Michaela had struggled to remain silent throughout the patronizing lecture; however, could no longer contain her frustration; he considered her merely uninformed regarding her condition.
"Please don't patronize me. Do not regard me as some uneducated housewife. It is not naivety that brings me here, is it desperation. I have tried to handle this situation myself; unsuccessfully. There is nobody else who can help me. You are my last chance," Michaela waited for the older man to digest her words, his confusion masking as consideration.
"If you are as aware of the distinction of life, as you so claim, then why do you not appreciate the immorality of your desires?" Dr Storer frowned, as he began to piece together the woman's sophisticated language, with her bold request.
"Because forcing my family to live with the consequences of this pregnancy is a far greater injustice. I can live with my actions, with knowing I've broken my vows, but I cannot live with the shame it would inflict upon my family; upon myself," Michaela found her lower lip with her teeth, looking away so as to hide the tears which had collected in her eyes. She studied the finely detailed rug which covered the dark wooden floorboards, feeling as though a response would never come.
"Surely, if your family are aware of the direness of the situation, there are places you could go until this child is born. As for breaking your vows, I think you are being too harsh on yourself. Nobody from any decent background would attach any blame to you. Surely, your husband, you yourself realize that the biology of conception is independent of consent?" He lowered his voice, seeing the detrimental effect his words were inflicting upon Michaela.

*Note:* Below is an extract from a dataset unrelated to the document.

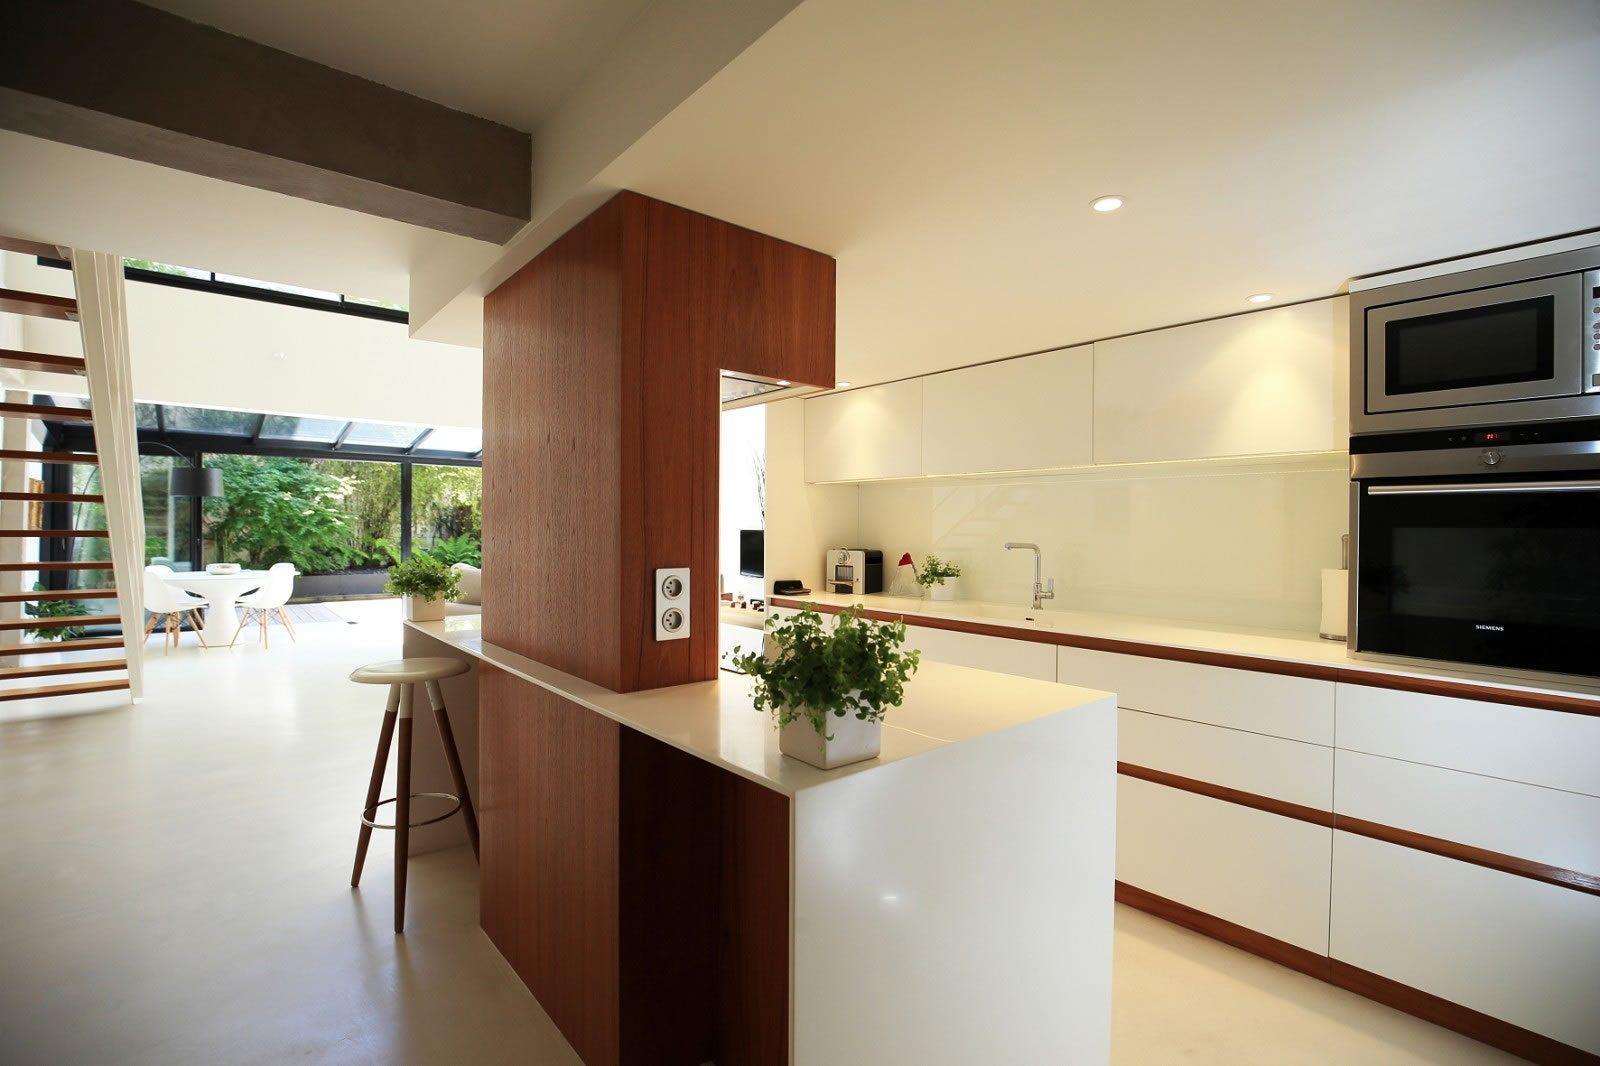 appartement-loft-a-vendre-terrasse-bassin-billard-garage

"I didn't mean that, I," Michaela shrugged, confused by the emotional shift in the man's tone and posture. Having told him the truth had certainly at least appeared to instill a newfound compassion and sensitivity to his responses.

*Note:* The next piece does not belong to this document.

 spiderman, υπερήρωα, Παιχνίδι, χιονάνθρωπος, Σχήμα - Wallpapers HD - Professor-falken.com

"I'm sorry, I know that for many women, the guilt of such dishonor causes them to feel they have betrayed their husbands, however, those of any character are able to," The physician found himself once again cut-off by the sharp, forceful reply of the woman who stood opposite him.
"I'm not married," Michaela shook her head wearily, feeling as though she was fighting an uphill battle, however knowing this was her final resort.
"Again, I apologize for assuming but I thought you said betrayal of vows. Forgive me, but," Horatio leaned carefully back against the large desk behind him, further intrigued by the situation unfolding before him.
"I meant, my vow to God, Doctor. The preservation of life; Primum non nocere," Michaela saw his eyes shimmer in immediate comprehension.
The final piece to the puzzle before him had just been placed.
"You, you're a Physician?" Horatio turned sharply, reaching for the envelope on the desk so as to check her identity.
"Perhaps now, you might understand why this is all the more difficult," Michaela drew a breath, however not managing to prevent the single tear which trailed down from her right eye.
"Quinn, Quinn. Not, dear God," Horatio tapped the envelope against his chin several times, before looking back at the petite woman less than a yard away from him. His voice lowered; his reaction contained in a hushed disbelief; "Josef's daughter?" He saw her mouth twitch at the mention of the deceased physician's name.
"Please, help me," Michaela's head was lowered, her voice directed towards the ground below her, knowing she had potentially jeopardized her father's, indeed her entire family's, reputation, in what had been an emotionally charged outburst.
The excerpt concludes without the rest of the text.